• _Task requirements_
The lines to repeat are those below from the one containing "China Green Tea" down to the one containing "Nokian vähennys selittyy", both included; reproduce them exactly and nothing else.

··· Data provided

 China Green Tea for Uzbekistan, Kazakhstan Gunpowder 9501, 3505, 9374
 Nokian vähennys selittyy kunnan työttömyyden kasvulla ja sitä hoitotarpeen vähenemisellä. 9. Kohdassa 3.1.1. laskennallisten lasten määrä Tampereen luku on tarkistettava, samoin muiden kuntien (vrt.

······
··· Data provided

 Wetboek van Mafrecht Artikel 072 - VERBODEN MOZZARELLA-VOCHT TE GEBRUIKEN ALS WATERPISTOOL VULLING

······
··· Data provided

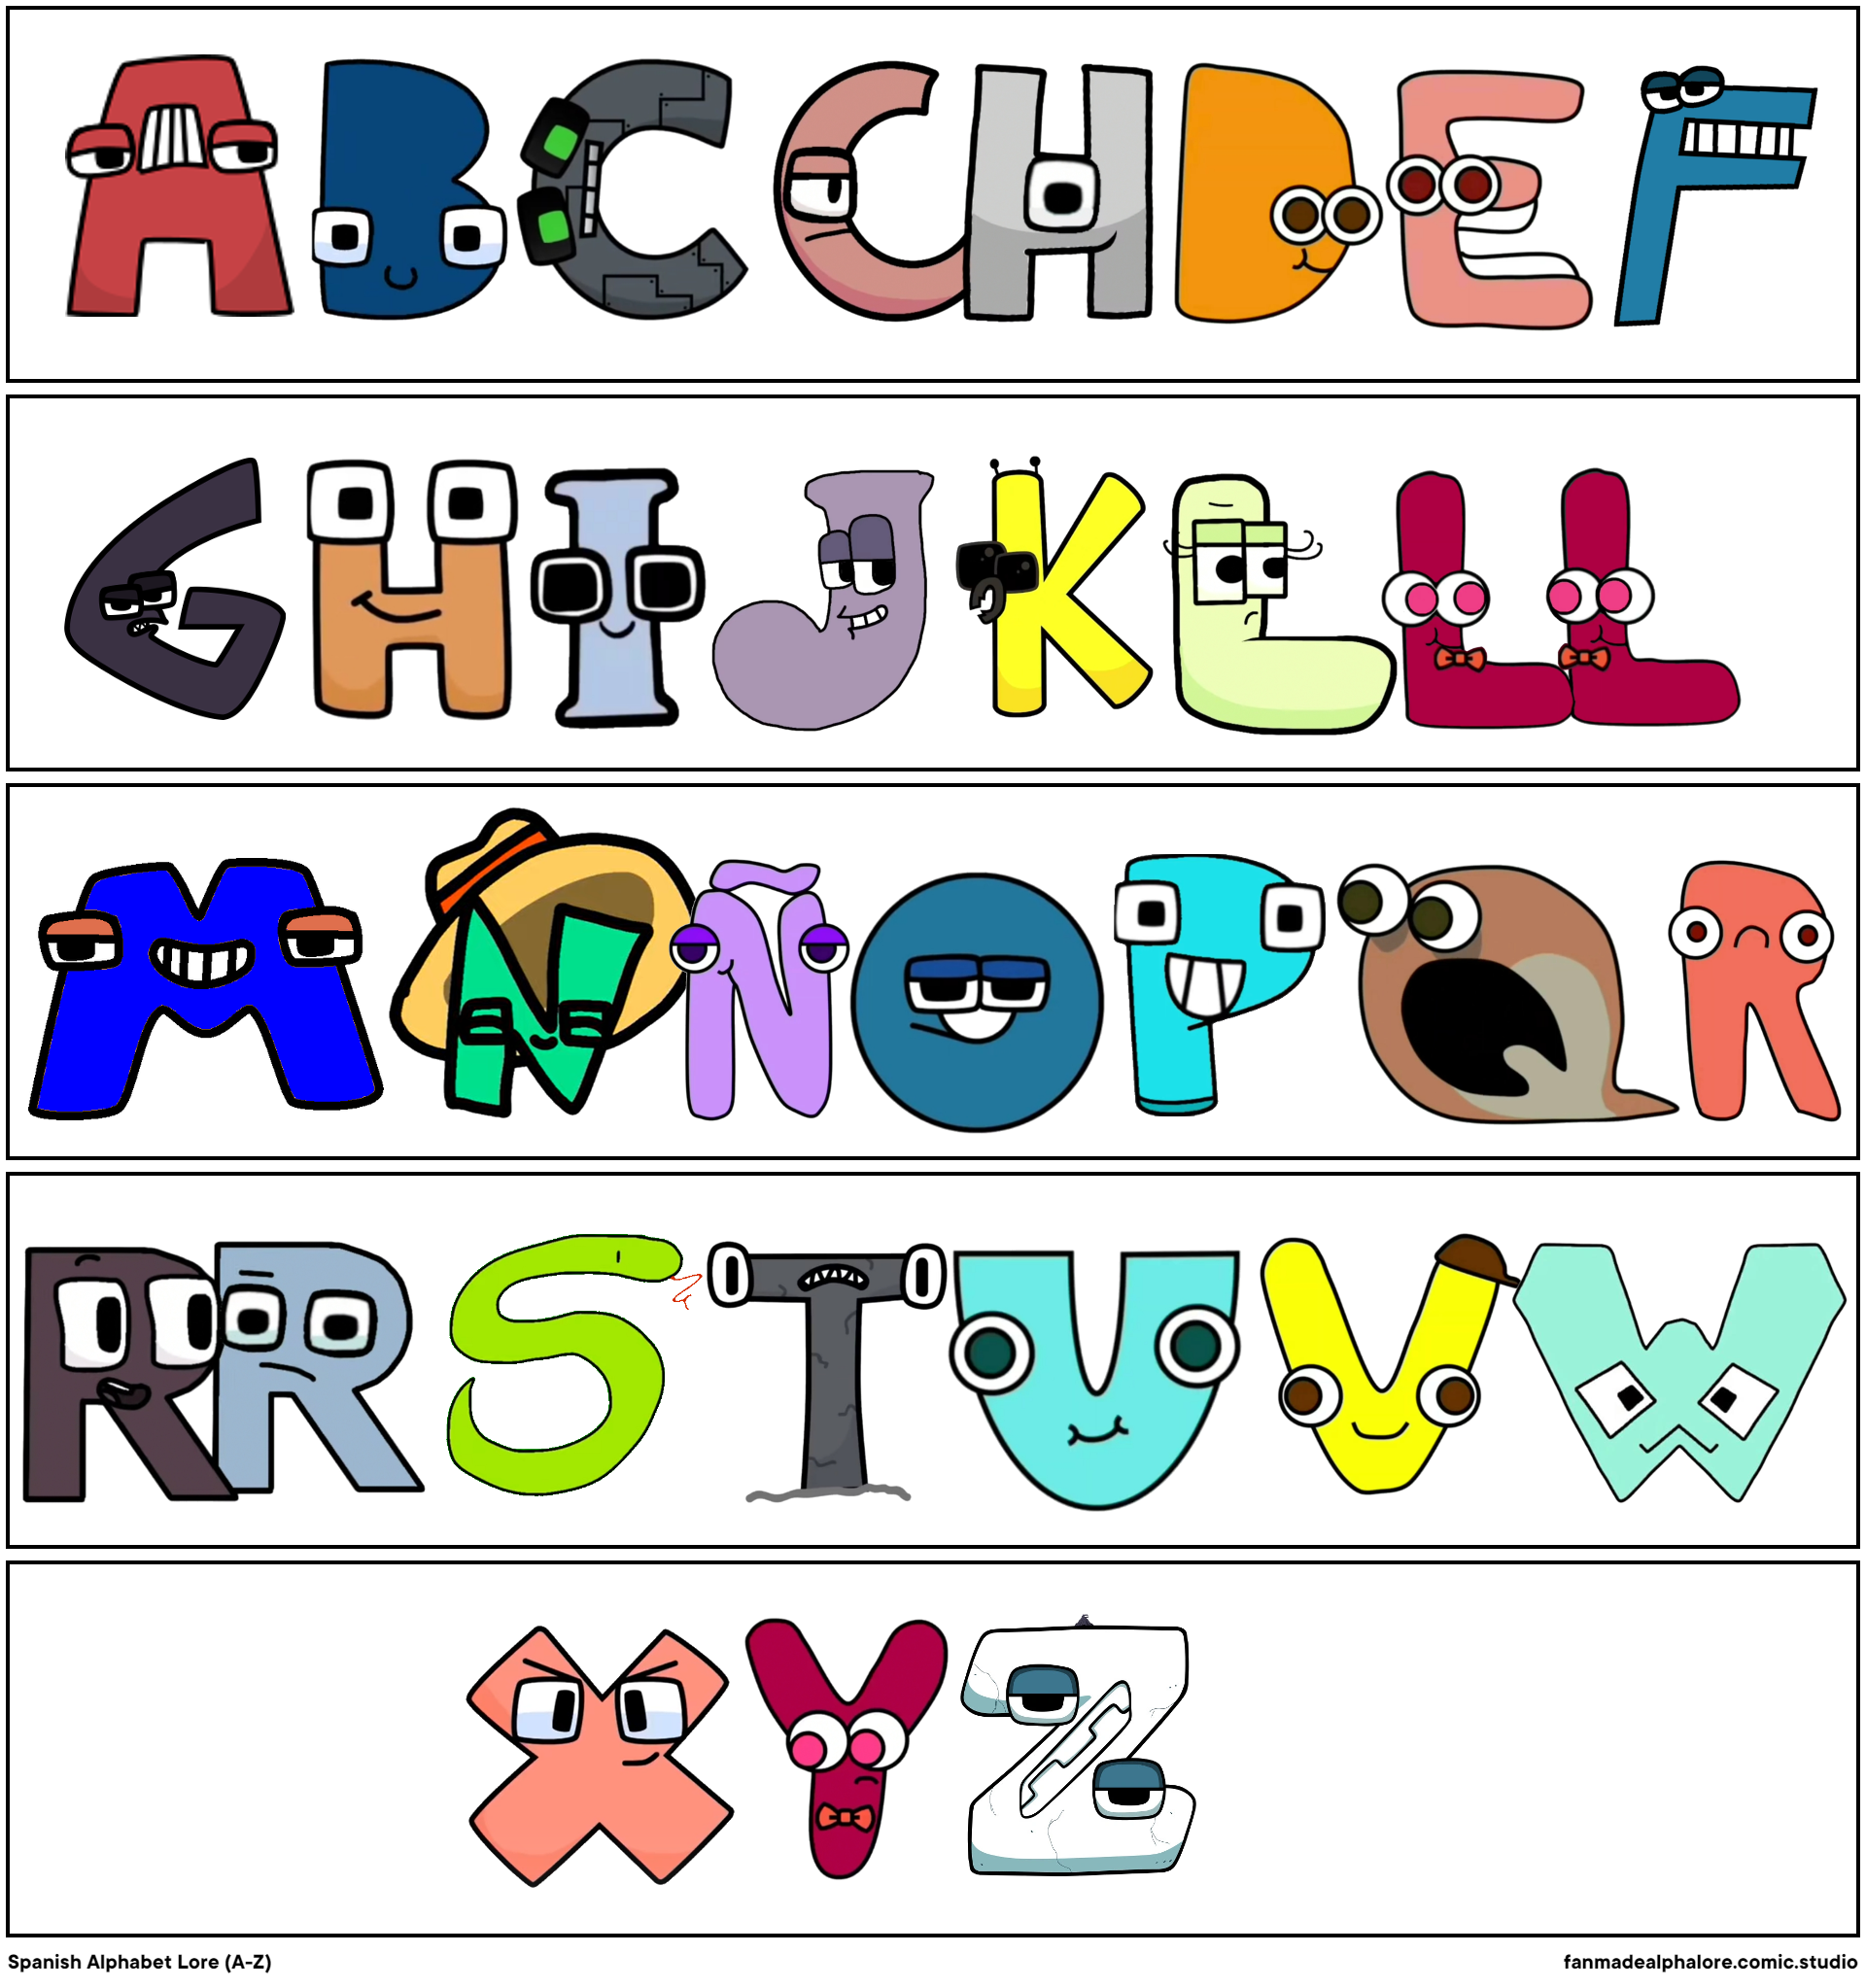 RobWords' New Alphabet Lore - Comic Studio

······

• _Task result_
 China Green Tea for Uzbekistan, Kazakhstan Gunpowder 9501, 3505, 9374
 Nokian vähennys selittyy kunnan työttömyyden kasvulla ja sitä hoitotarpeen vähenemisellä. 9. Kohdassa 3.1.1. laskennallisten lasten määrä Tampereen luku on tarkistettava, samoin muiden kuntien (vrt.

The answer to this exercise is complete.